A Guatemalan family roots out risk with the help of Children International
by Damon Guinn


Yosilí and William stand near the dangerous hole that once threatened their health and safety.
Danger surrounds the residents of El Limón. Just 25 miles north of Guatemala City, the border settlement clings to sheer, rugged hillsides – an ironic location for a resettlement built by families whose homes were leveled in a 1976 earthquake and has since become a refuge for those who fled 1998’s Hurricane Mitch.

Concrete shacks descend like uneven, collapsing steps down the steep slopes, occasionally crumbling under pressure, and thick vegetation sprouts up through cracks in pavement.

Until recently, though, there wasn’t much pavement in El Limón, nor were there paved culverts to divert sewage away from homes and cisterns. Instead, wastewater filled shallow dirt canals before mucking up unpaved roads or leaching into wells and garbage heaps littering the hillsides.

Lying in Wait

Encamped deep within these precarious surroundings is the Ordoñez family: 10-year-old sponsored child, Yosilí, her parents and seven siblings. They live in a crudely built house with a dirt floor and little else aside from two sagging beds.

Like most families in the area, the Ordoñezes had a hand-dug pit latrine, a six-foot-deep hole with nothing more than an open-ended plastic barrel for a toilet seat.

Surrounded by obvious risks like exposed waste and landslides, the crude latrine went largely ignored. Yosilí and her siblings even played around the latrine’s barrel seat while their mother, Albertina, sold tortillas in the city during the day and their father, Bonifacio, worked long hours as a janitor.

Leaving Yosilí to care for her younger siblings for eight hours most days, neither parent was around when she fell into the rank pit.

While playing with her toddler sister, Dulce, Yosilí lost her balance and fell backward through the barrel. “Though the water [sic] only reached my knees, I was scared because I thought I was going to drown. Little by little, I was caving in and started to shout,” she clearly recalls.

Yosilí’s 6-year-old brother, William, overheard her muffled cries for help and came to the rescue. Anchoring a rope to a nearby post, he extended the line to his sister, but the post snapped and Yosilí remained trapped for a half hour.

“I thought I was going to die and that I would never see my mom and siblings again,” recounted Yosilí. William eventually secured the rope to a tree and told his sister to tie the other end around her waist before pulling her to safety.

Covering Ground

Accidents like Yosilí’s were fairly common in El Limón before the community began installing a central sewer system this past year. Even William had fallen into the pit after a rotten scrap of wood his parents placed over the opening broke underneath him.

Families who could afford the $127 cost of connection and materials were quick to build safer, more sanitary latrines.
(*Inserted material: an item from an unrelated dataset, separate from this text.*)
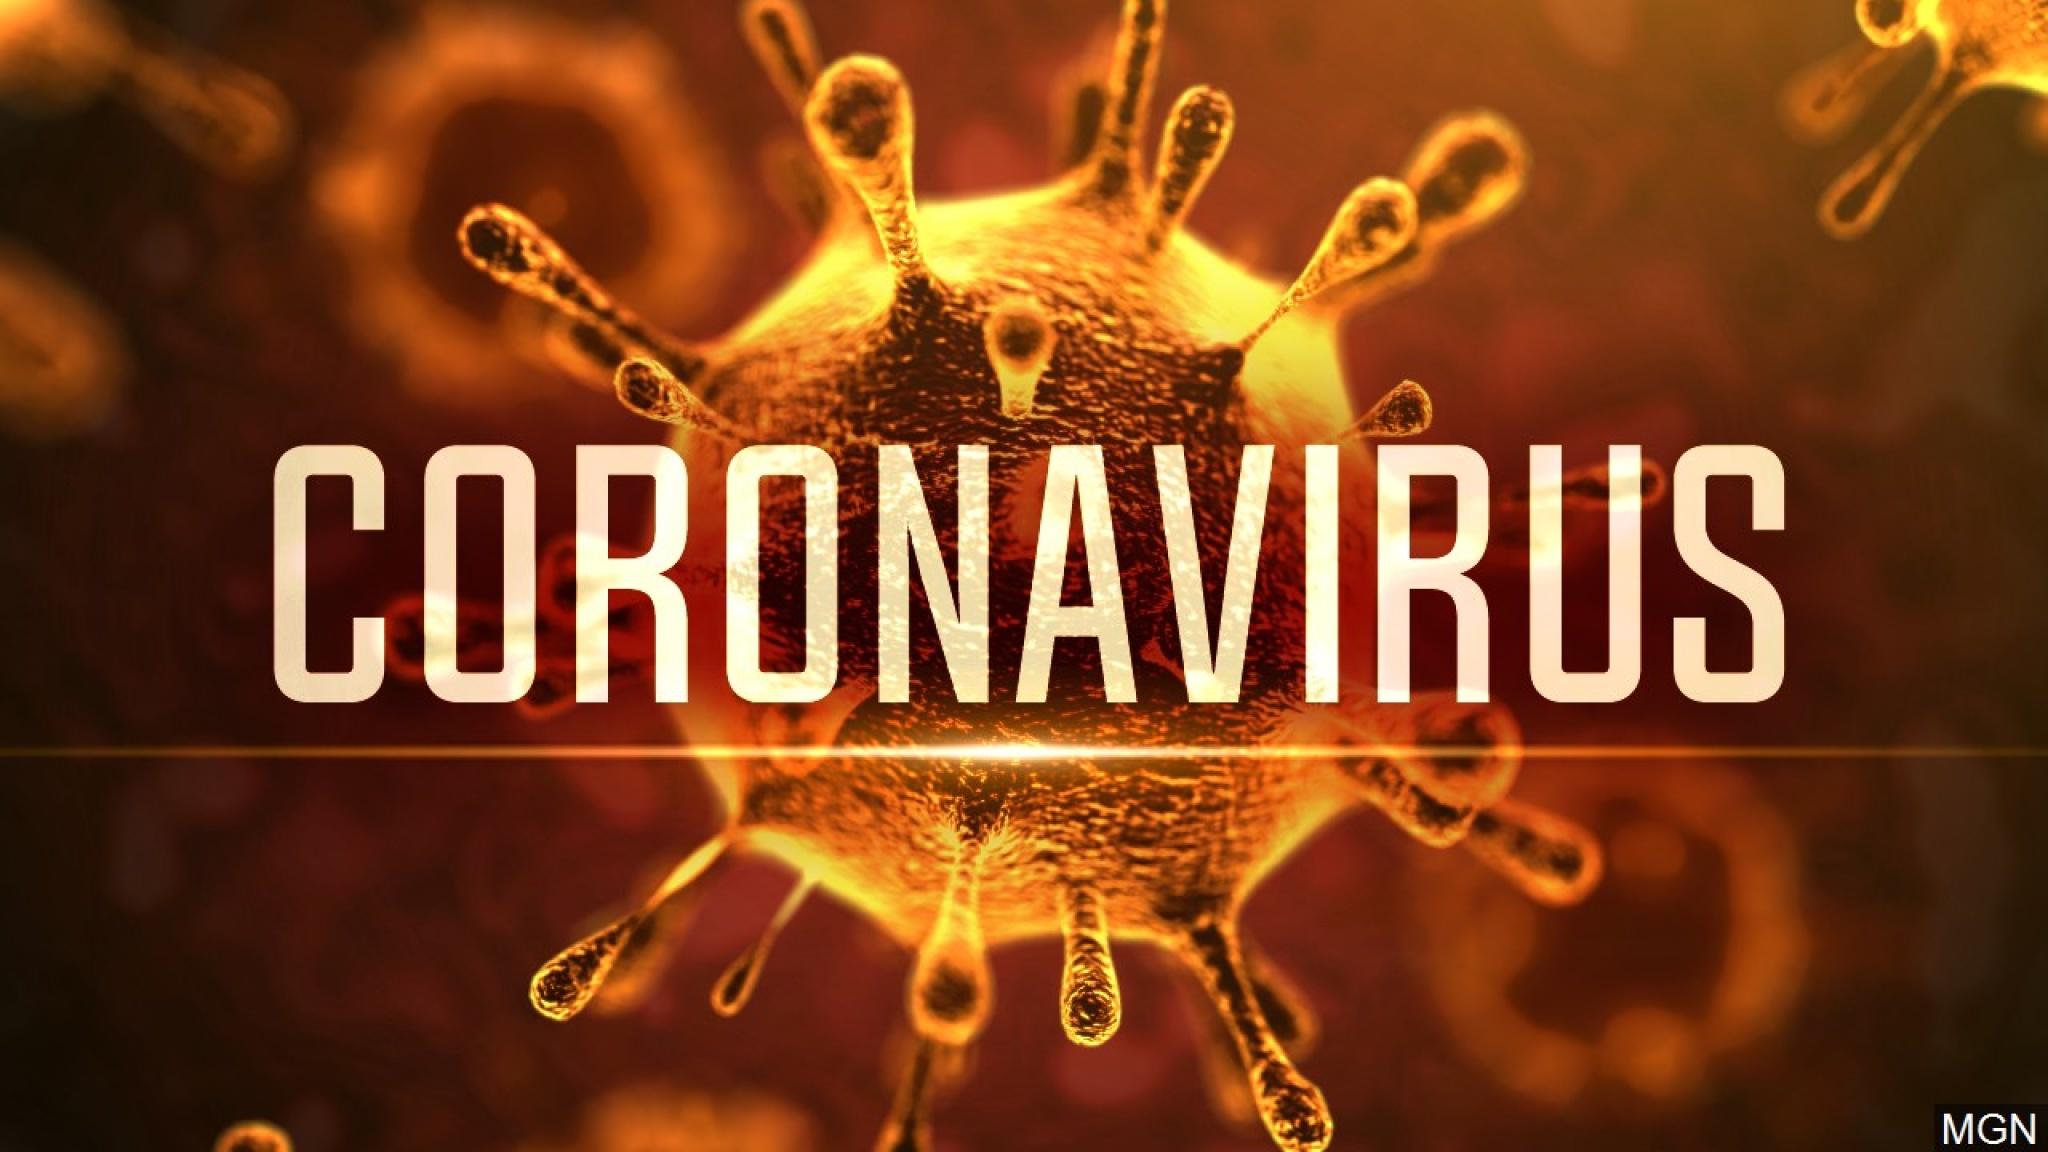 Coronavirus-2020-03-24 09:37:13

However, desperately poor families like Yosilí’s could never hope to cover costs almost twice their average monthly income.

All too familiar with the dangerous health risks Yosilí and her family faced due to their poor sanitary facilities, Children International’s field project in Guatemala City covered the costs to build a safer bathroom for the family.

Complete with a flushing toilet, the enclosed cinder-block addition protects the children and their parents from bad weather while providing greater privacy.

Yosilí and her siblings now play in their yard without fear. Safely separated from infiltrating parasites and deadly diseases, they have a better chance of growing healthier and avoiding the traps of poverty.